Accutane Aids Design of Drugs for Macular Degeneration

July 19, 2004 | A version of this story appeared in Volume 82, Issue 29

Accutane (13-cis-retinoic acid) is used to treat severe, scarring acne, but it can also cause vision problems. New work shows that this unfortunate side effect is caused by 13-cis-retinoic acid inhibiting the vision cycle protein RPE65.

The identification of Accutane's precise molecular target in the eye will facilitate the design of drugs that partially inhibit the vision cycle, according to professor of biological chemistry and molecular pharmacology Robert R. Rando of Harvard Medical School. Such drugs might make much-needed treatments for certain forms of macular and retinal degenerative diseases, he adds.

Although 13-cis-retinoic acid had previously been shown to inhibit the vision cycle, its primary protein target has remained elusive. Now, Rando and postdoc Deviprasad R. Gollapalli have used a quantitative fluorescence binding assay to demonstrate that 13-cis-retinoic acid's vision target is RPE65 [Proc. Natl. Acad. Sci. USA,101, 10030 (2004)].

RPE65 plays a crucial rate-limiting role in the vision cycle. The protein chaperones a highly hydrophobic cycle intermediate (all-trans-retinyl esters) to the next enzyme in the cycle. Accutane binds RPE65 with nanomolar affinity and competes with all-trans-retinyl esters binding to the protein, Rando and Gollapalli find. This competition inhibits processing of all-trans-retinyl esters into the rhodopsin chromophore that's required for vision. As a consequence, some patients taking Accutane find it difficult to see in low-light situations, a condition known as night blindness.

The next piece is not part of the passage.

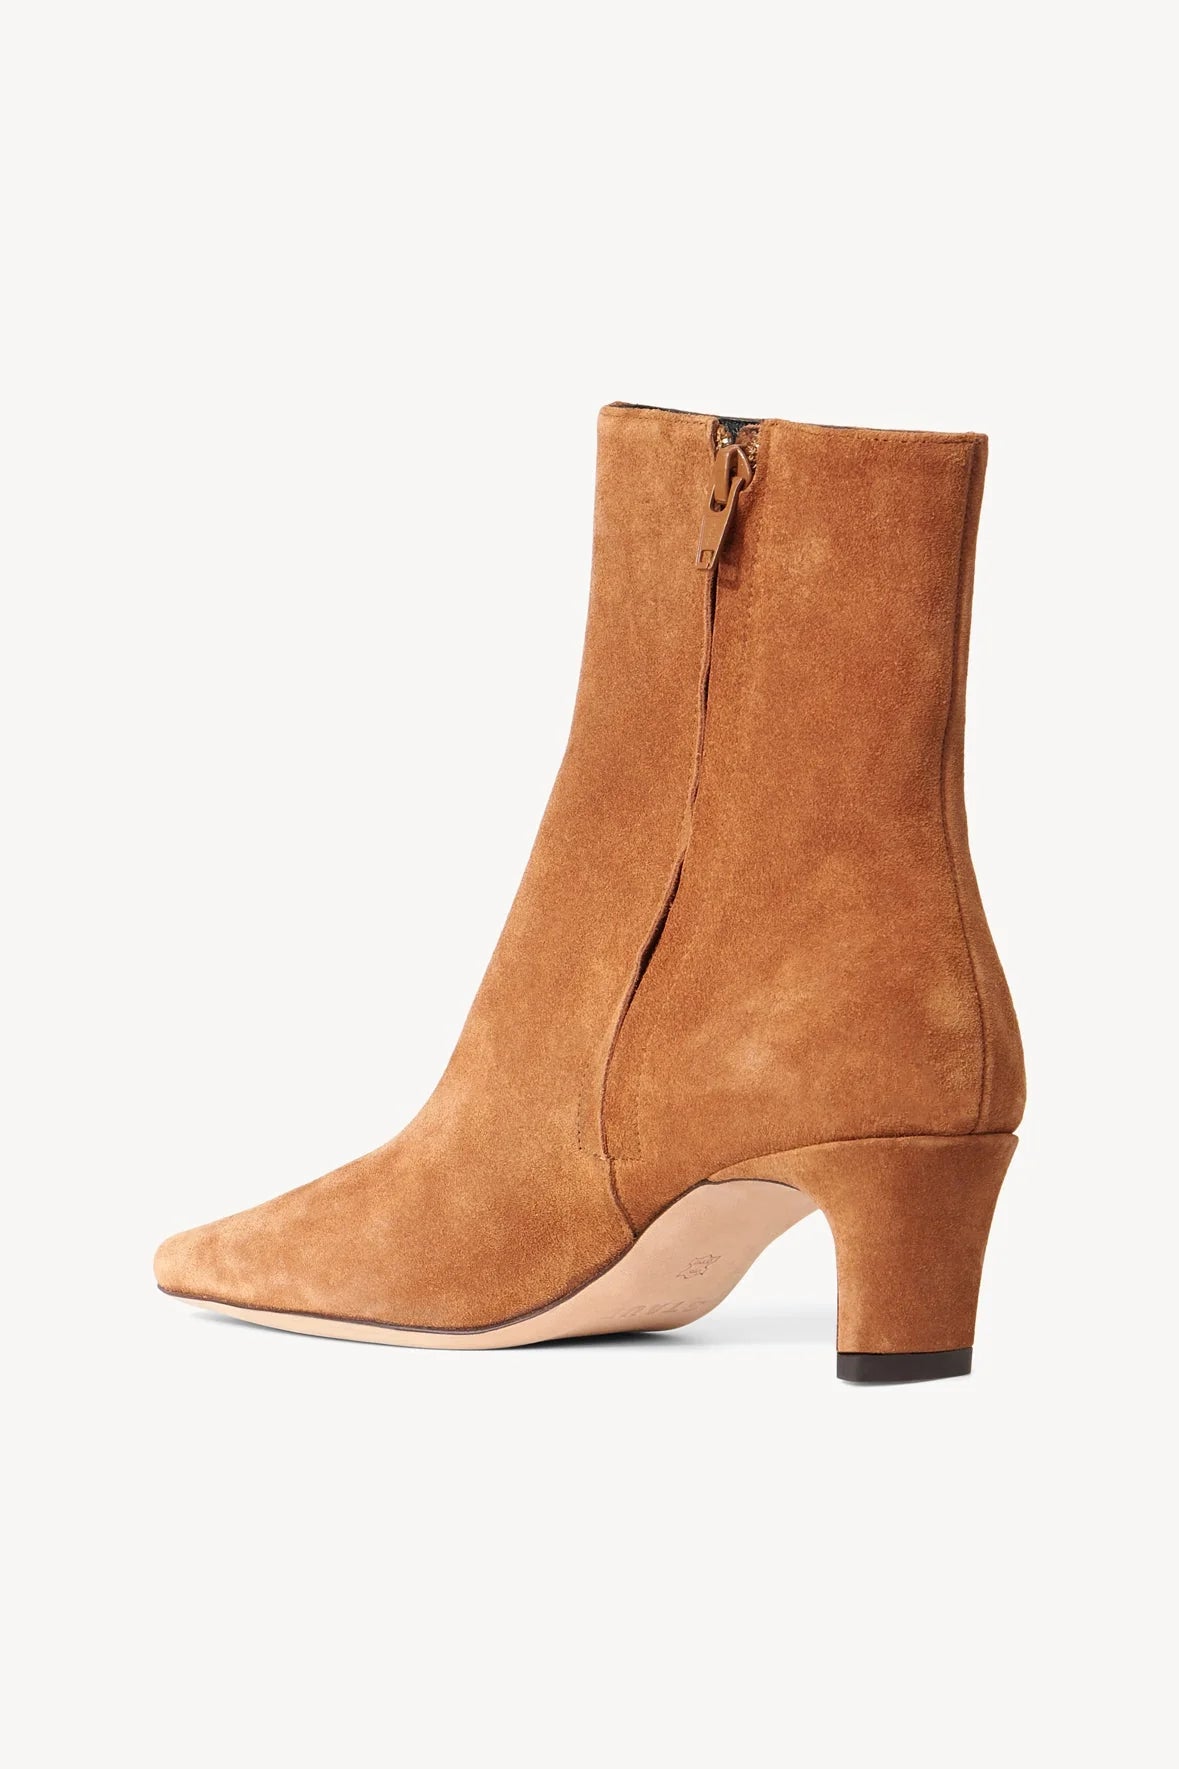 WALLY ANKLE BOOT - TAN SUEDE
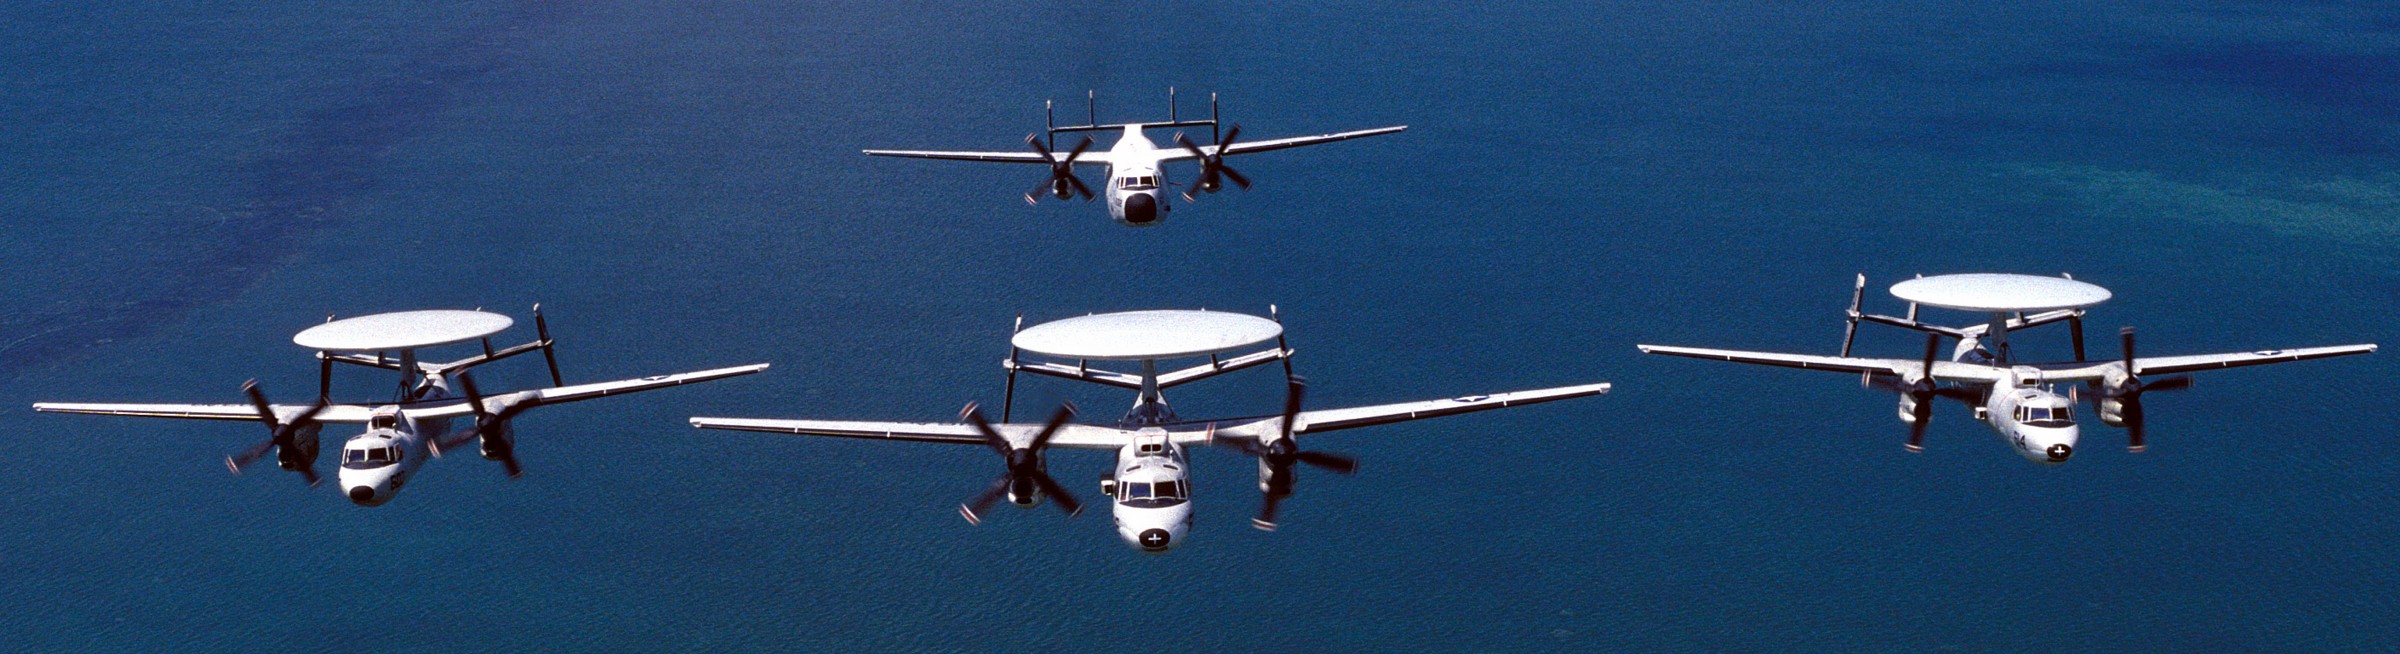 vaw-120 greyhawks carrier airborne early warning squadron e-2c hawkeye replacement frs 117

Rando hopes to use 13-cis-retinoic acid as a starting point to design molecules that partially inhibit the vision cycle. He notes that a number of macular and retinal degenerative diseases are caused by the formation of highly toxic by-products from chemically reactive vision cycle intermediates. For instance, highly reactive all-trans-retinal can combine with the common membrane lipid phosphatidyl ethanolamine to produce A2E, an accumulation of which is associated with Stargardt's disease, a hereditary kind of macular degeneration.

Partially inhibiting RPE65 and thus the vision cycle with a retinoic-acid-like molecule would reduce the accumulation of such toxic by-products, Rando suggests. Such molecules might be useful in treating these eye diseases. "It should be readily possible to design potent and specific antagonists of RPE65 that don't have the toxic side effects of retinoic acid," which include birth defects and even fetal death, he says. In addition, he suggests that screening 13-cis-retinoic acid analogs for variants that don't bind RPE65 could turn up an acne drug that doesn't cause vision problems.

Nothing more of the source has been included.